Cuomo won’t endorse Stringer out of fear of Spitzer

Who’s afraid of a city Comptroller Spitzer? The governor, that’s who.

Gov. Cuomo has remained publicly neutral in the race between Eliot Spitzer and Manhattan Borough President Scott Stringer because his own private polling data shows the hooker-loving former governor will likely win on Tuesday — and he fears retribution from the notoriously vindictive “steamroller,” insiders told The Post.

“The governor didn’t feel his endorsement would turn the tide for Stringer and felt that the danger in further angering Spitzer wasn’t worth the risk,” said a Cuomo administration source.

Cuomo, who often employs his own polling firm to gauge public sentiment, was told that Spitzer — whom he privately opposes as a likely “disaster’’ for the city and state — was leading Stringer by “the high single digits.”

Sources close to Cuomo say he fears the notoriously aggressive and egocentric Spitzer would use the position of comptroller to settle old political scores with the governor, second-guess the new mayor, and wage a public-relations war against Wall Street, the single greatest source of revenue to the state.

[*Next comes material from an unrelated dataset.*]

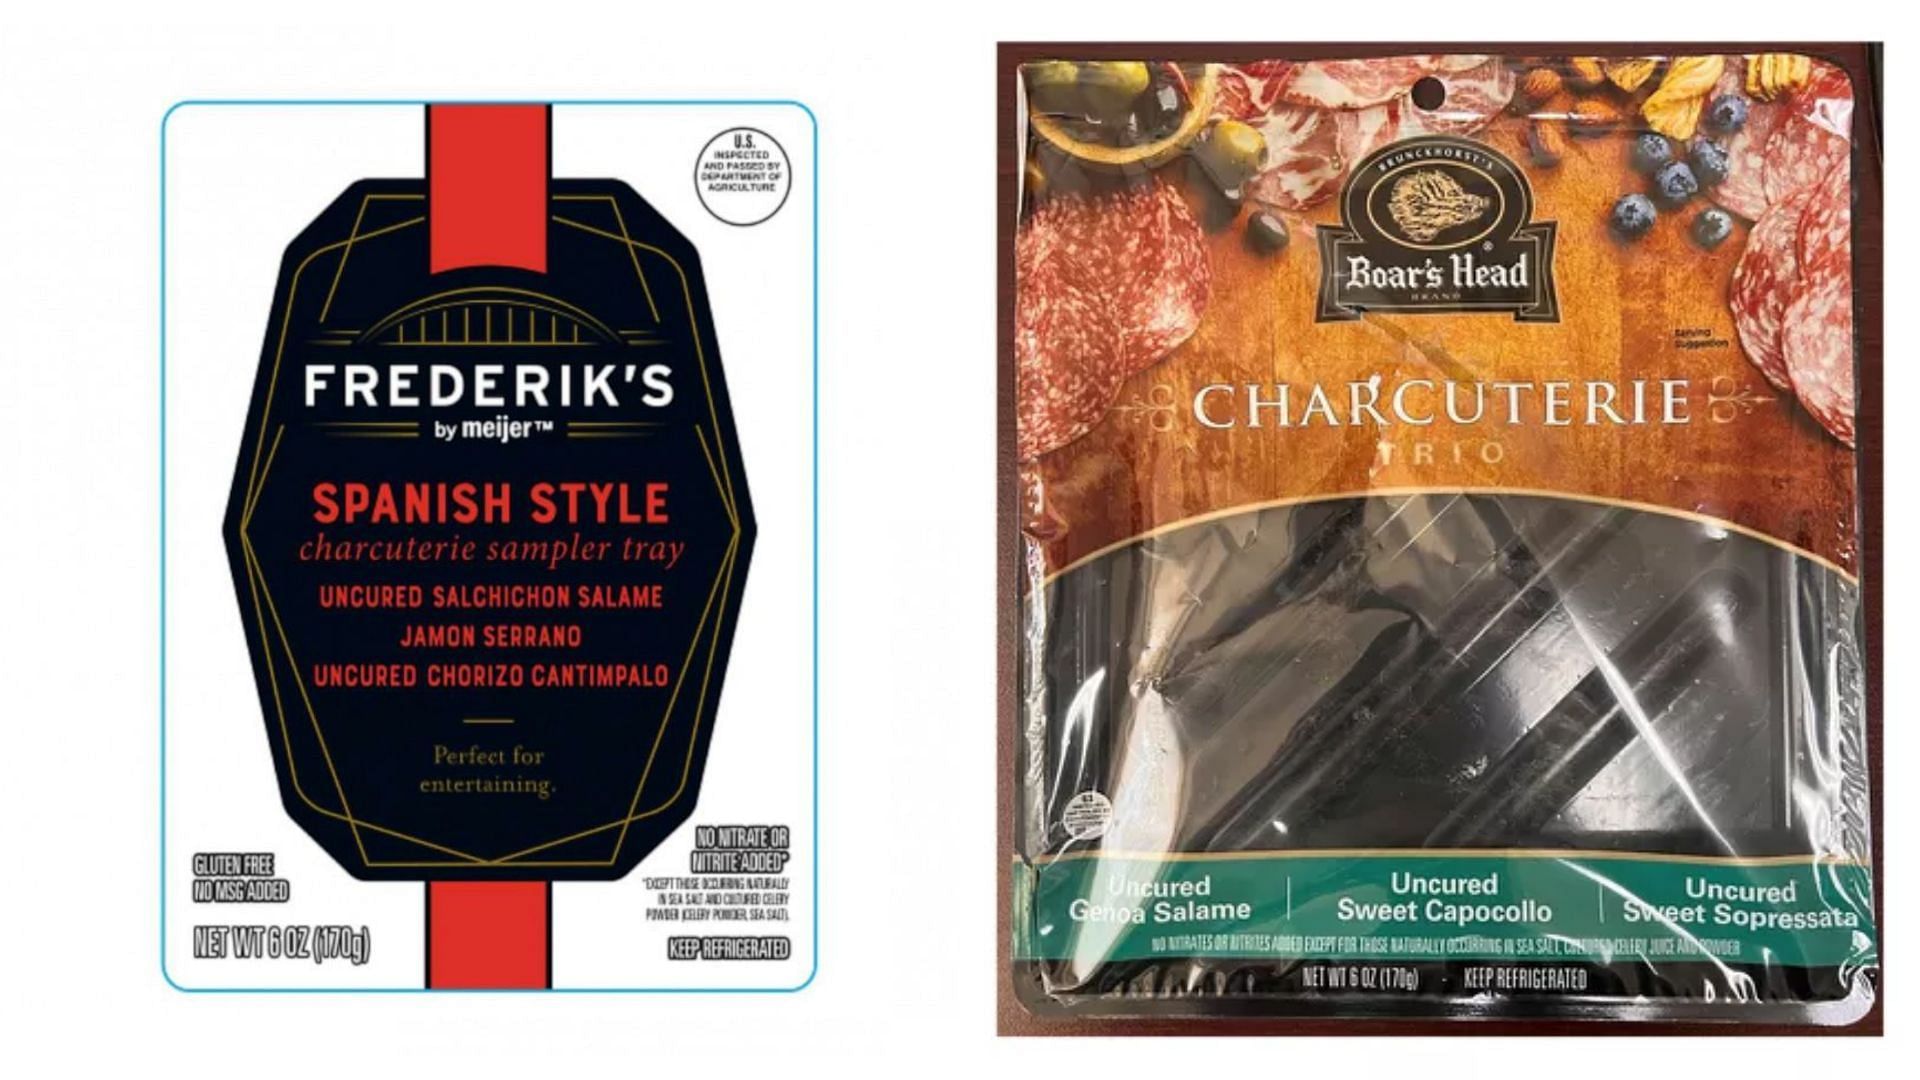 the affected products: Boar&#039;s Head Charcuterie Trio Charcuterie sausage and salami, and Fredricks by Meijer Spanish Style Charcuterie Sampler Tray (Image via FSIS)

Some even think Spitzer, a former attorney general, might launch a Democratic primary challenge next year against current AG Eric Schnei­der­man.

The governor’s claim last week that he was remaining neutral in both the mayoral and comptroller primaries because of a “general rule” of not endorsing appeared laughable to many — because he made it out to Buffalo to endorse Mayor Byron Brown in the Democratic primary there.

While upstate, the governor also rejected Mayor Bloomberg’s comment that Bill de Blasio was running a racially charged campaign in New York City and spoke glowingly of the public advocate’s multiracial family.

What’s more, last year Democrat Cuomo even backed two incumbent Republican senators who faced tough electoral challenges because they backed his measure legalizing same-sex marriages.

And even as Cuomo backed Brown, he refused to endorse Syracuse Mayor Stephanie Miner in her Democratic primary — despite having picked her as co-chair of the state party.

Unlike Brown, Miner has been critical of some of the governor’s fiscal policies.

“The only uniform policy that Cuomo has on endorsements is ‘what’s good for him,’ ” said a prominent Democratic consultant.
A top Cuomo aide appeared over the weekend to endorse his wife’s “thanking” of Bloomberg for having “just elected Bill de Blasio as mayor’’ by claiming in a newly published interview that de Blasio was running a “racist” campaign.
State Operations Director Howard Glaser, a close Cuomo friend, retweeted those comments by his wife, lobbyist Karen Hinton, but when asked if he agreed with them, he said sarcastically,

“I would respond, but my dog just peed on the floor and I have to clean it up.”